Изменить стиль страницы

Друг осведомился подробнее об обстоятельствах и, когда узнал все, то пришел в смятение. Он не знал, горевать ли ему вместе с женой или гневаться на этого легкомысленного и ослепленного человека. Наконец у него явилась мысль, что Грин, может быть, одолеет и эту бурю; надо было только позаботиться о том, чтобы отправить его, как только он вернется, в деревенское уединение.

— И вы думаете, — ответила она, — что этим можно чего-нибудь достичь и что меня могли бы успокоить такие спешные меры? Ведь слишком ясно, что он живет под несчастным влиянием, под роковыми чарами, которых не сможет никогда сломить. Я не понимаю, что такое в его душе и сердце толкает его за пределы должного; он вечно разбивает свое счастье и покой; я ведь знаю наперед, что он горько раскается в этом бегстве, даже теперь, в эту минуту, он несчастен, и все-таки он идет своим путем. Он не скоро назад повернет, я заключаю это по тому, что все, оставшееся от вашего великодушного дара, он забрал с собой.

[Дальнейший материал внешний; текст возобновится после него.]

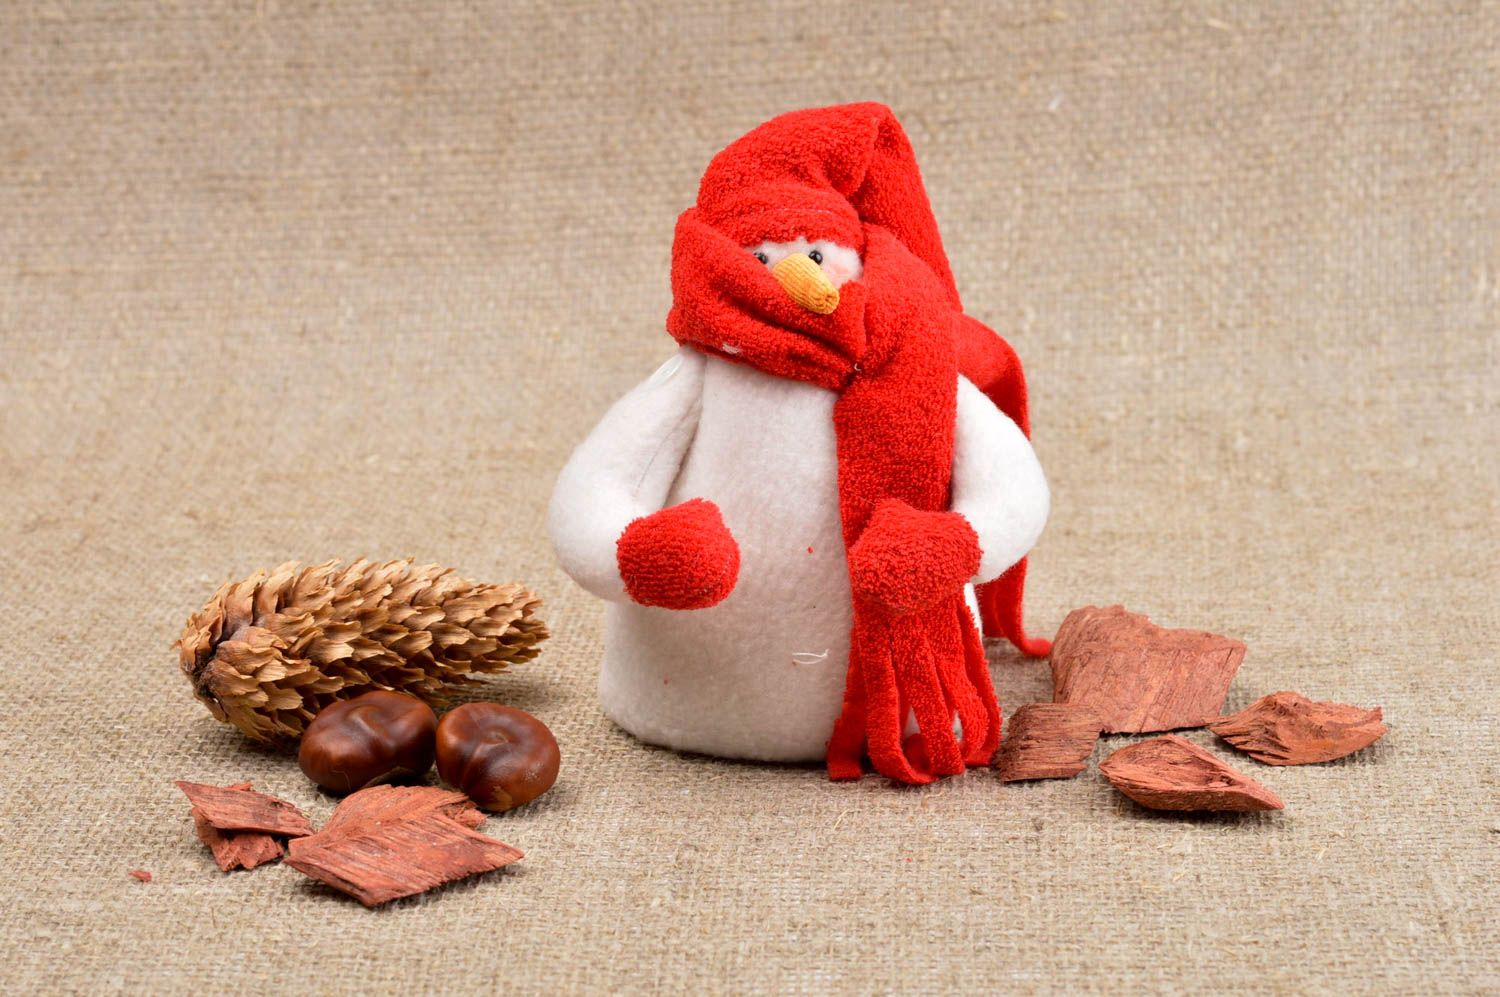 Игрушка Снеговик ручной работы детская игрушка красивая мягкая игрушка для детей фото 1
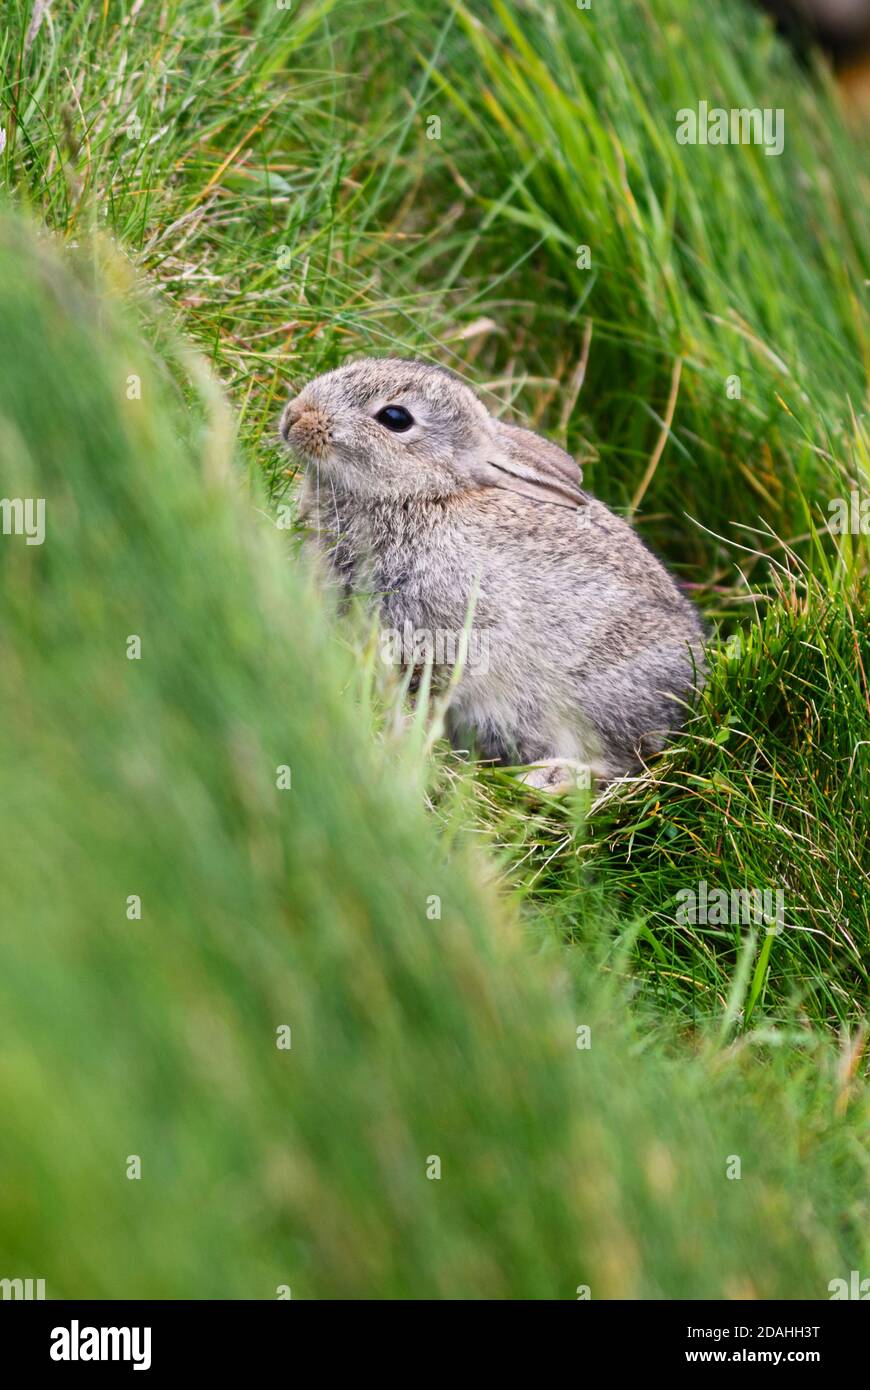 European Rabbit - Oryctolagus cuniculus, niedliches kleines Säugetier aus europäischen Wiesen und Weiden, Shetlands, Scotlank, UK. Stockfoto

— Разве отец так любит путешествовать? — наивно спросил мальчик. — Почему же он меня никогда не берет с собой?

— Твой отец… — гневно воскликнул эсквайр, но, почувствовав жалость, оборвал речь и сказал: — Ах, бедное дитя, он не отец тебе.

— Нет, — горячо воскликнул мальчик, — он есть и останется нашим отцом. У нас не было никогда другого в доме. А дети должны оплакивать отца, так полагается. Все они говорят, что отец ведет себя дурно, и мама поэтому хочет, чтобы я вел себя как можно лучше. Мама, засмейся же опять хоть разок. Ты знаешь ведь, что, когда ты смеешься, мне нравится даже сердитый дедушка, тогда я обхожусь со своими куклами на дворе, как с настоящими братишками, и я так весел, как король Франции. Но мама плачет слишком много, смех бывает так редко, как солнце вчера, оно за весь день светило лишь одну минуточку. А между тем, она очень хорошо умеет смеяться, — болтал мальчик, прижавшись к эсквайру, — если только захочет, эта нехорошая мама, она совсем не похожа на дедушку, он всегда хмурится.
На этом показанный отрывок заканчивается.